XDA is a mixed bag. There’s not really any viable replacement for it, but since it’s such a large forum with so many people, there’s a lot of malfeasance that winds up falling through the cracks, because the really knowledgeable developers don’t want to also deal with moderation, so sometimes mods screw up. However if you can prove that someone is taking someone else’s work without proper credit, they WILL react. I actually wound up getting one guy banned because I was able to prove with diff that:

  1. Their “lionheart” governor was just “conservative” with 2-3 lines changed
  2. Those 2-3 lines were written by another developer (netarchy) without credit.

Some of the projects outside of CM/LOS do have good communication - Alex Cruz of Dirty Unicorns and the Omni guys get along well. CM’s leadership were always arrogant and drove a lot of people away, and their behavior when Cyngn was founded deepened the rift even further to an unrepairable state.

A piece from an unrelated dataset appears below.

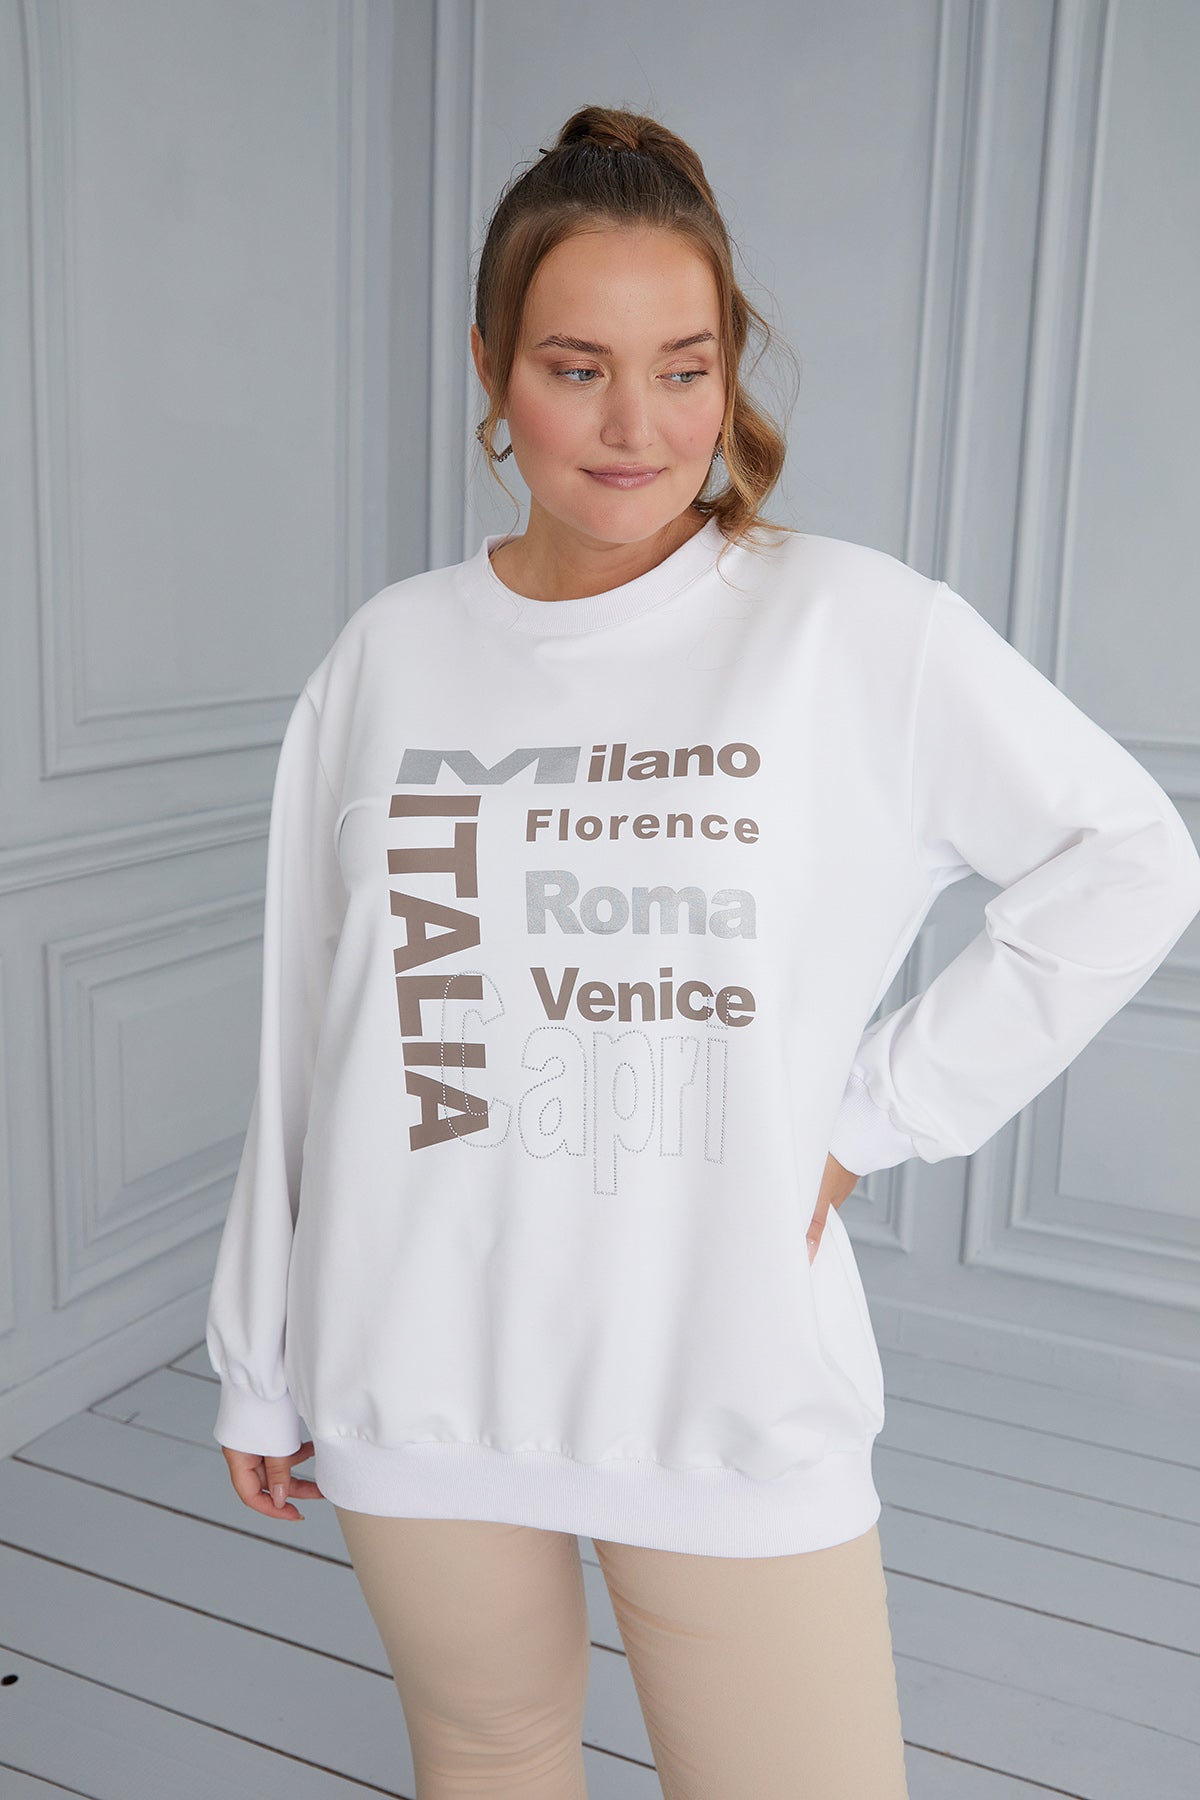 Γυναικεία μπλούζα με στάμπα Italia σε μεγάλα μεγέθη - Άσπρο

We also got along well with SOME of the PA guys, but not all. PA was basically destroyed by the OnePlus hiring mess. All of the developers that got hired became completely inactive in PA, but sought to kick out anyone who was critical of OnePlus’ negative impacts on PA. One of the PA developers disappeared for months, only to resume activity SOLELY to kick out the critics - even at a time when half of the OnePlus PA hires had already given notice that they were leaving the company within a month or were seriously considering it. None of them ever resumed activity in Android circles afterwards to my knowledge.

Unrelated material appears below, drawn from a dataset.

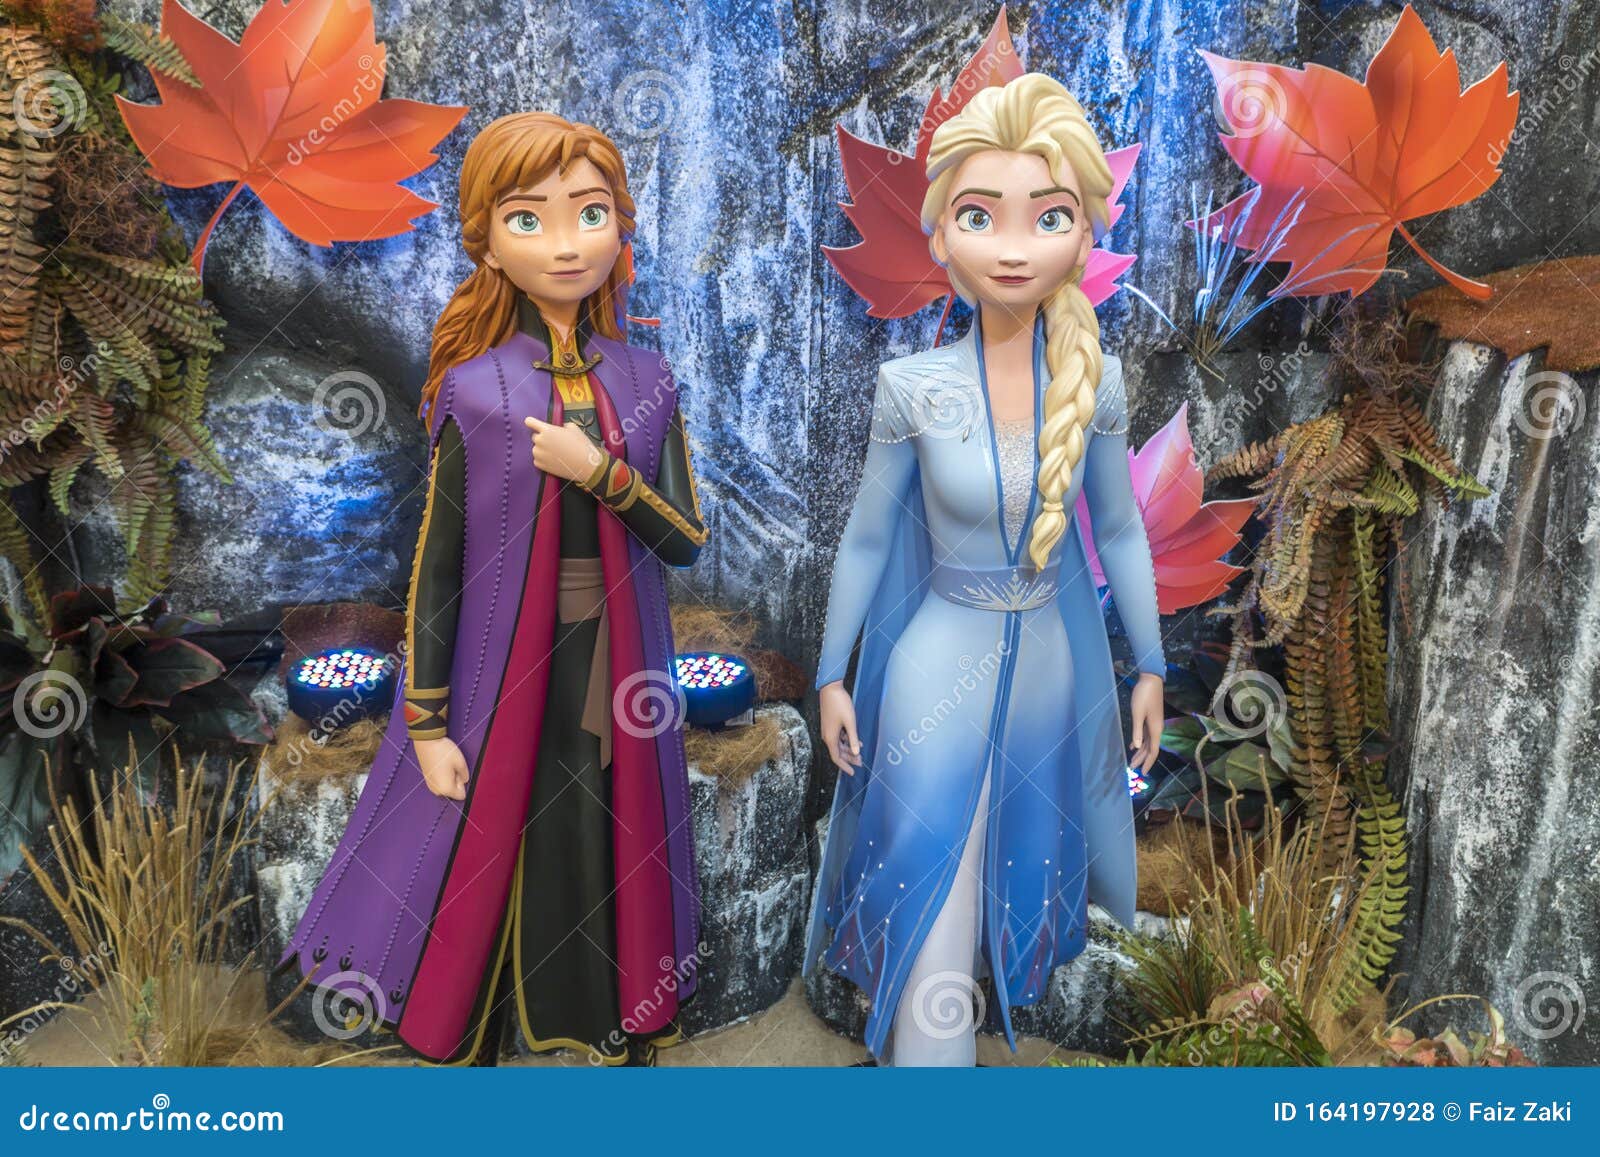 Princess Elsa En Anna Van Frozen 2 Magical Journey Dit Evenement is Een Voor Een Nieuwe Disney Blockbuster-film Redactionele Stock Foto - Image of meisje, chris: 164197928

I’m not against commercial involvement in Open Source (The Linux kernel is a great example of a GOOD working relationship), but Cyngn and OnePlus are perfect examples of how NOT to model a healthy relationship between a commercial company and an opensource community project.

Gotta go…

Edit: The community here overall is much better. There are a few severely abrasive personalities, but overall there is a much greater amount of cooperation.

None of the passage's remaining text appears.